HONG KONG (BP)–The leader of an evangelical house church network in China’s Hubei province may be executed by the government Jan. 5, a Christian worker in East Asia says.

Gong Shengliang, 46, was convicted and sentenced to death Dec. 30 after a secret trial in Jingmen City. His niece, Li Ying, 36, also was given a death sentence suspended for two years.

Gong was accused of complicity in rape and using a cult to undermine the enforcement of law, stereotyped charges often leveled against groups the Chinese government has labeled as cults. Evangelical missionaries who know him, however, insist he practices traditional Christian doctrine and has been targeted because he refused to register his church with the government.

“After receiving an initial report (about the death sentence) a few days ago, we and our coworkers have made some investigations and discovered this group is not a cult at all but practices fundamental evangelical Christian doctrine,” said a missions researcher who specializes in China.

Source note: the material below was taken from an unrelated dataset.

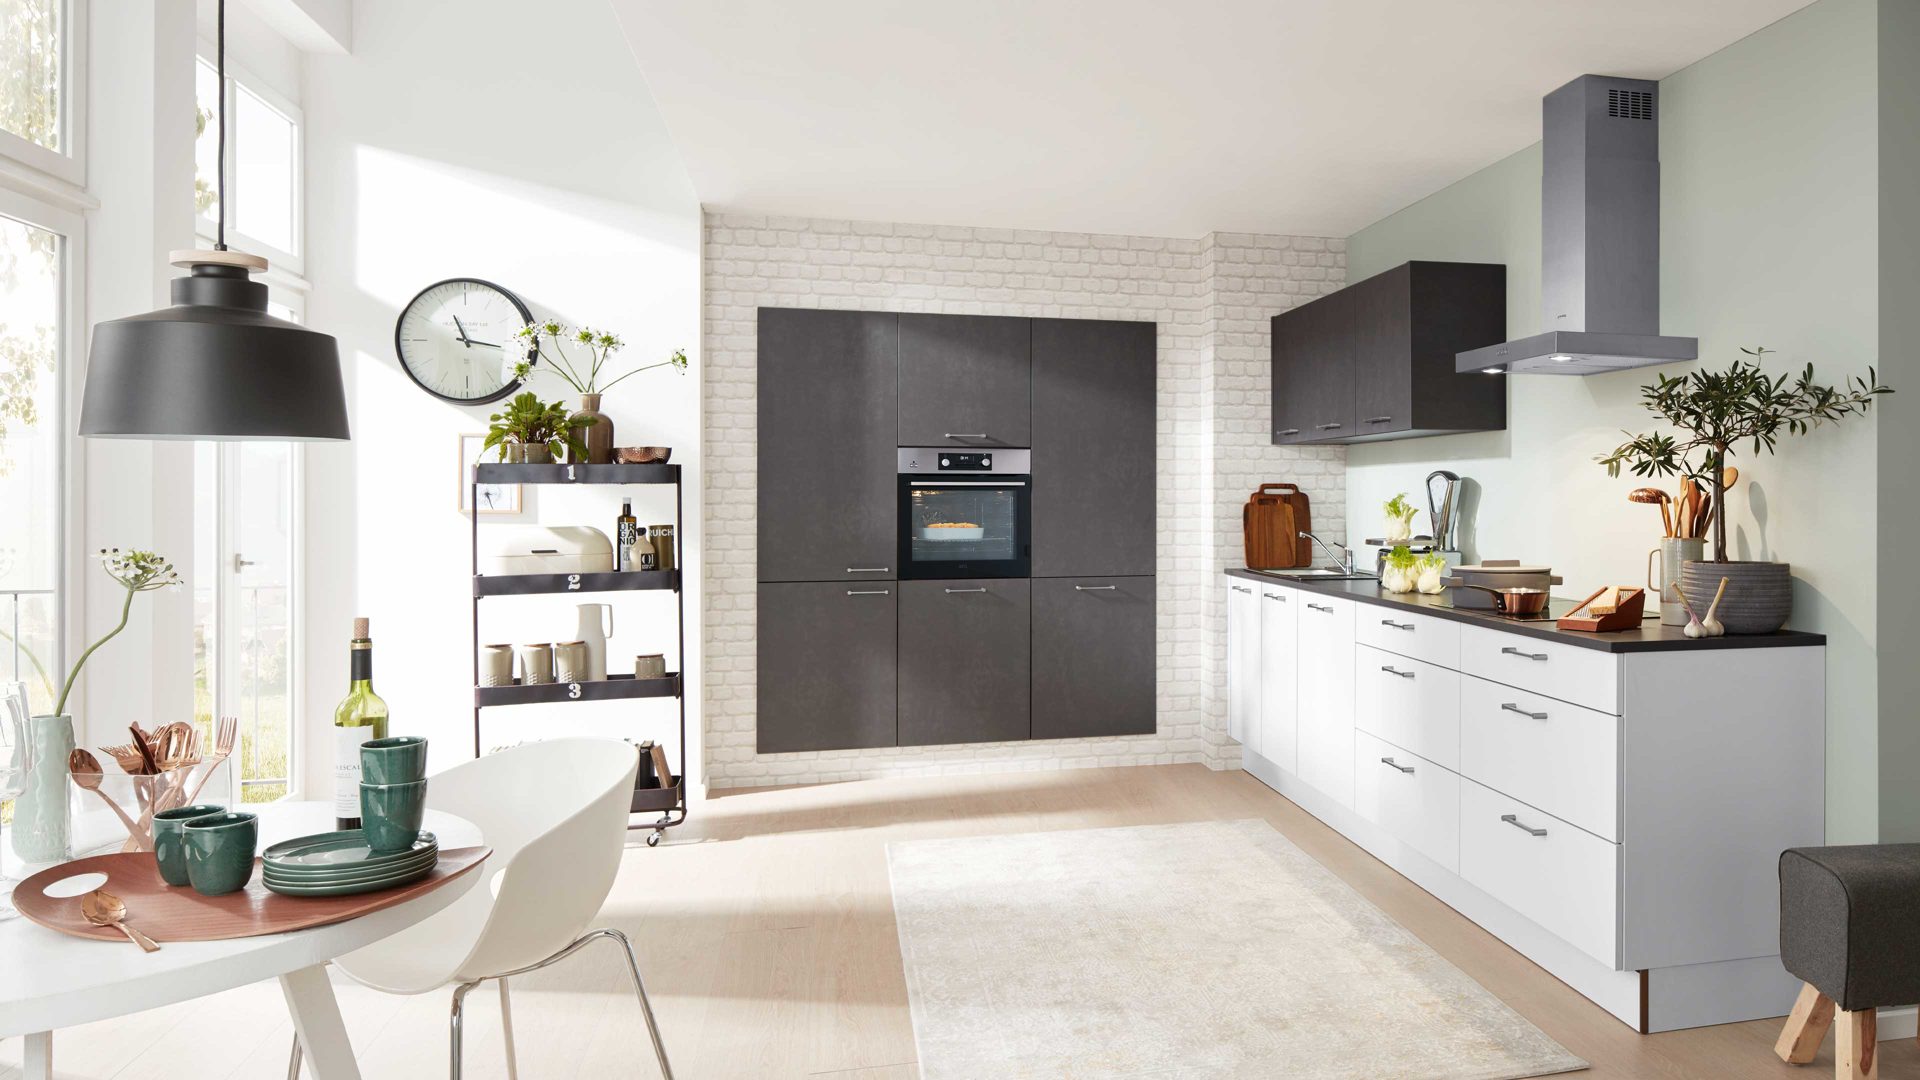 Einbauküche Interliving aus Holz in Grau Interliving Küche Serie 3019 mit AEG Einbaugeräten Weiß & Stahlgrau – zweizeilig
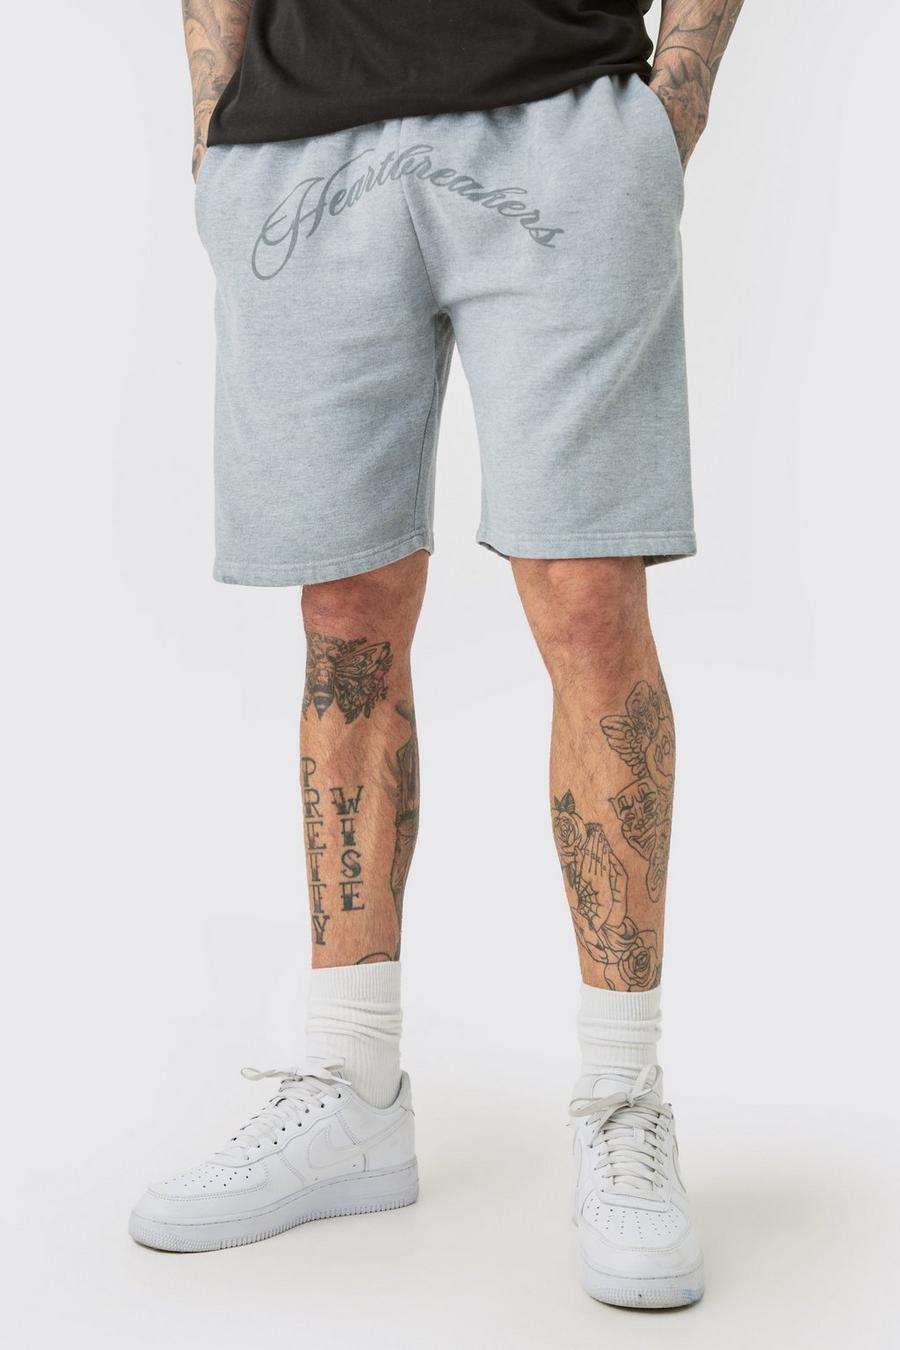 Pantalones cortos Tall oversize grises con estampado de Hearbreakers, Grey image number 1

“In fact, this group was an offshoot from one of the major house church networks in China that we closely work with.”

House church leaders in China told the researcher, “If this group is a cult, then we all are cults.”

The Chinese government labels a group a cult solely on the basis of whether or not it has registered with the government’s Three-Self Patriotic Movement church, he said. No theological standards are used to distinguish a group from orthodox Christianity.

Gong’s 50,000-member South China Church “and all the other house church networks in China have refused to register and so are labeled ‘cults,'” he said. “This then allows the government to deal with them as they like.”

Unlike many cults, the South China Church operated openly, the Compass Direct news service reported. In April 2000, the group issued a public invitation to Christian workers to attend a conference in central China. Heretical cults usually operate in secrecy.

Charges similar to those leveled against Gong also were made against two cult leaders who were executed in 1995 and 1999, Compass Direct said. The truth of the charges against Gong cannot be assessed because the trial was conducted in secret and the government has made no information available to the public.

The sentences against Gong and his niece came after a Communist Party conference on religious affairs in early December 2001 that called for tightened control of all religions. The South China Church was added to the list of banned religious sects in April 2000.

Fifteen other members of the church also were sentenced to prison terms ranging from two years to life. Those sentences are being appealed.

“We do not know if Gong has already been killed or not,” the researcher said. “One unofficial source told our coworkers that the execution is scheduled to take place tomorrow, Jan. 5.

“It is quite likely that this man is a genuine brother in the Lord who has been targeted by the government because of his faith and the growth of his unregistered church,” he added. “Let’s pray God’s will be done in this matter, and that if the Lord would have him spared that God himself would intervene and save him.”